= Xbox Underground =

Hacker group

Xbox Underground was an international hacker group responsible for gaining unauthorized access to the computer network of Microsoft and its development partners, including Activision, Epic Games, and Valve, in order to obtain sensitive information relating to Xbox One and Xbox Live.

==Microsoft==
Microsoft's computer network was compromised repeatedly by the Xbox Underground between 2011 and 2013. According to a 65-page indictment, the hackers spent "hundreds of hours" searching through Microsoft's network copying log-in credentials, source code, technical specifications and other data. This culminated in the perpetrators carrying out a physical theft, by using stolen credentials to enter "a secure building" at Microsoft's Redmond headquarters and exiting with publicly unreleased prototypes of the Xbox One codenamed "Durango". Group members say they were driven by a strong curiosity about Microsoft's then-unreleased Xbox One console and associated software.

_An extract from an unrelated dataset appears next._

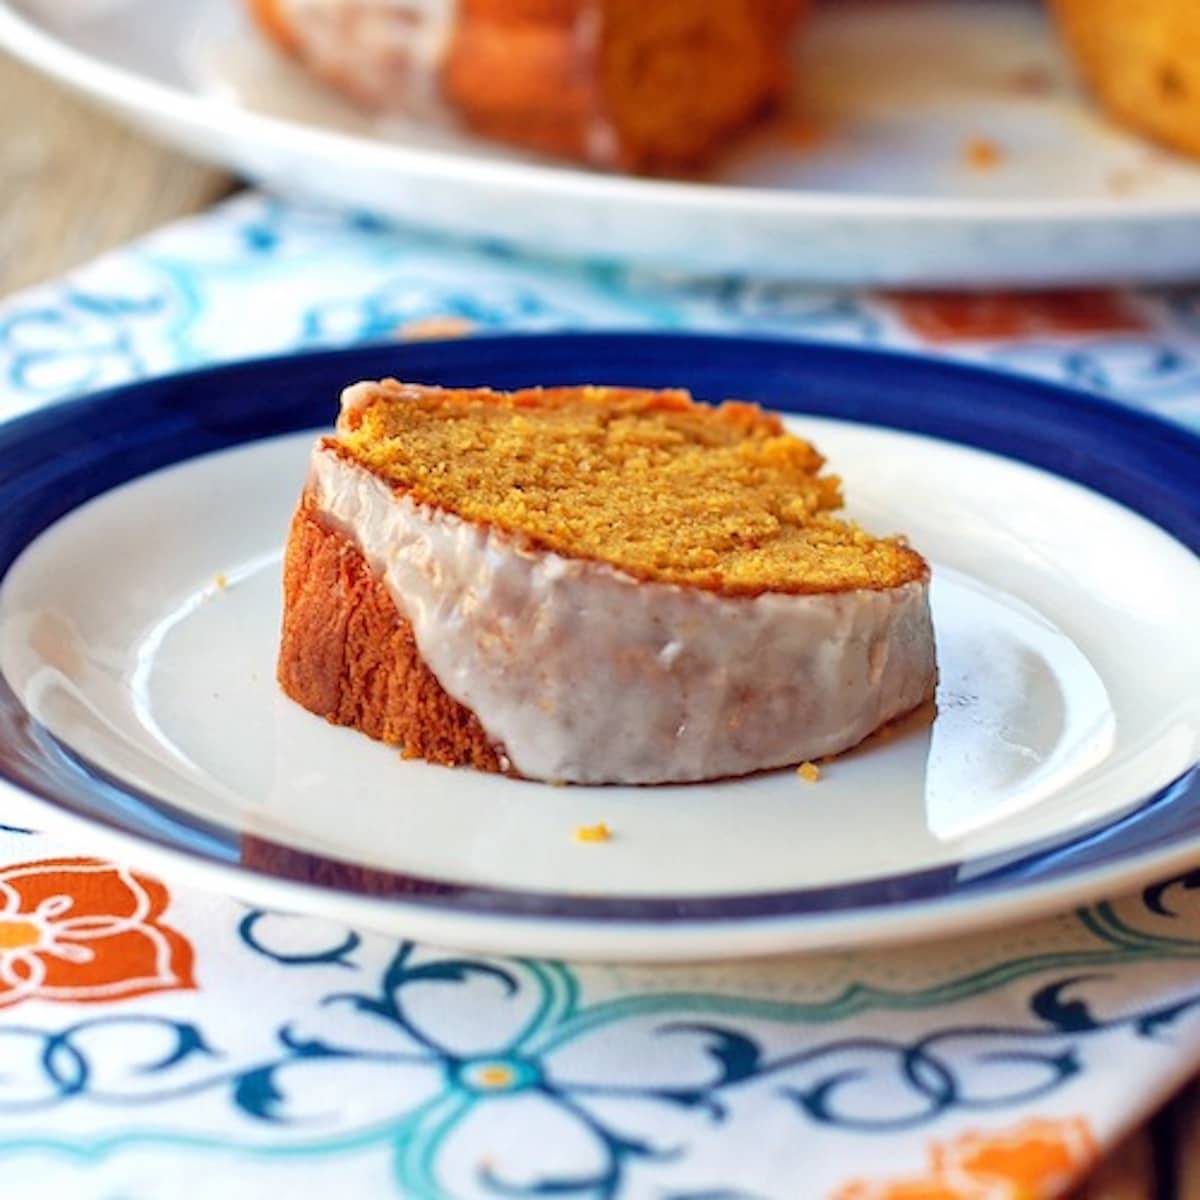 Pumpkin bundt cake with cinnamon glaze on a white plate on a colorful napkin.

Beginning in or about January 2011, Microsoft was the victim of incidents of unauthorized access to its computer networks, including GDNP's protected computer network, which resulted in the theft of log-in credentials, trade secrets and intellectual property relating to its Xbox gaming system. ^{p. 4}
In or about September 2013, Alcala and Pokora brokered a physical theft, committed by A.S. and E.A., of multiple Xbox Development Kits (XDKs) from a secure building on Microsoft's Redmond, Washington campus. Using stolen access credentials to a Microsoft building, A.S. and E.A. entered the building and stole three non-public versions of the Xbox One console... ^{p. 31}

==Apache helicopter simulator software==
The group is also accused of breaching the computer network of Zombie Studios, through which they obtained Apache helicopter simulator software developed for the United States military. In a wiretap, David Pokora was quoted as saying: "Have you been listening to the [expletive] that I've done this past month? I have [expletive] to the U.S. military. I have [expletive] to the Australian Department of Defense ... I have every single big company – Intel, AMD, Nvidia – any game company you could name, Google, Microsoft, Disney, Warner Bros., everything."

==Members==
Four out of six members of the group have pleaded guilty to charges.

David Pokora

David Pokora, the first foreign hacker ever to be sentenced on United States soil, received an 18-month prison term on April 23, 2014, and was released in July 2015.

Sanad Nesheiwat

Sanad Nesheiwat was sentenced on June 11 and received an 18-month prison term.

Holly Leroux

Holly LeRoux (formerly known as Nathan LeRoux) was sentenced on June 11 and received a term of 24 months. Before serving her sentence, Leroux was allowed to live with her parents with an ankle monitor, where she tried to escape to Canada but was caught at the border. Leroux and another female were later found deceased while wearing respirators inside a motel room where evidence of a chemical-making process was found, and the police chief quoted as saying "We’re not certain at this point whether or not this is a murder-suicide or maybe a double suicide or accidental death."

Austin Alcala

Austin Alcala was due for sentencing in July, though, he went on to cooperate with the FBI in resolving another criminal case involving the illegal trade of FIFA coins.

Dylan Wheeler

Dylan Wheeler (referred to in the indictment as D.W), currently in the UK, lived in Australia at the time. Wheeler was charged with an array of offences following a raid on his Perth home address, including possession of an offensive weapon, drugs and child pornography. He was not convicted, having fled from Australia to Dubai and eventually the Czech Republic over what he claimed were human rights and political issues with his trial. from where he cannot be extradited since he holds Czech citizenship, and is currently living in the UK. His mother, Anna Wheeler, was later jailed for more than two years for helping him flee Australia to avoid criminal charges.

Justin May

Wheeler alleges that a sixth member, Justin May (referred to as "Person A"), worked with the FBI "to bring down the group". May had previously been placed on pre-trial probation for an earlier offense involving data theft, the agreement of which required him to stay off Xbox Live. He came under renewed interest from the FBI in 2017 after they seized a new BMW coupe and $38,595 in cash that was hidden throughout his home. In June 2021, May was sentenced to seven years in prison for defrauding over 3.5 million dollars from several tech companies, among them Microsoft and Cisco Systems, by exploiting warranty policies to illegitimately receive replacements which were then sold online.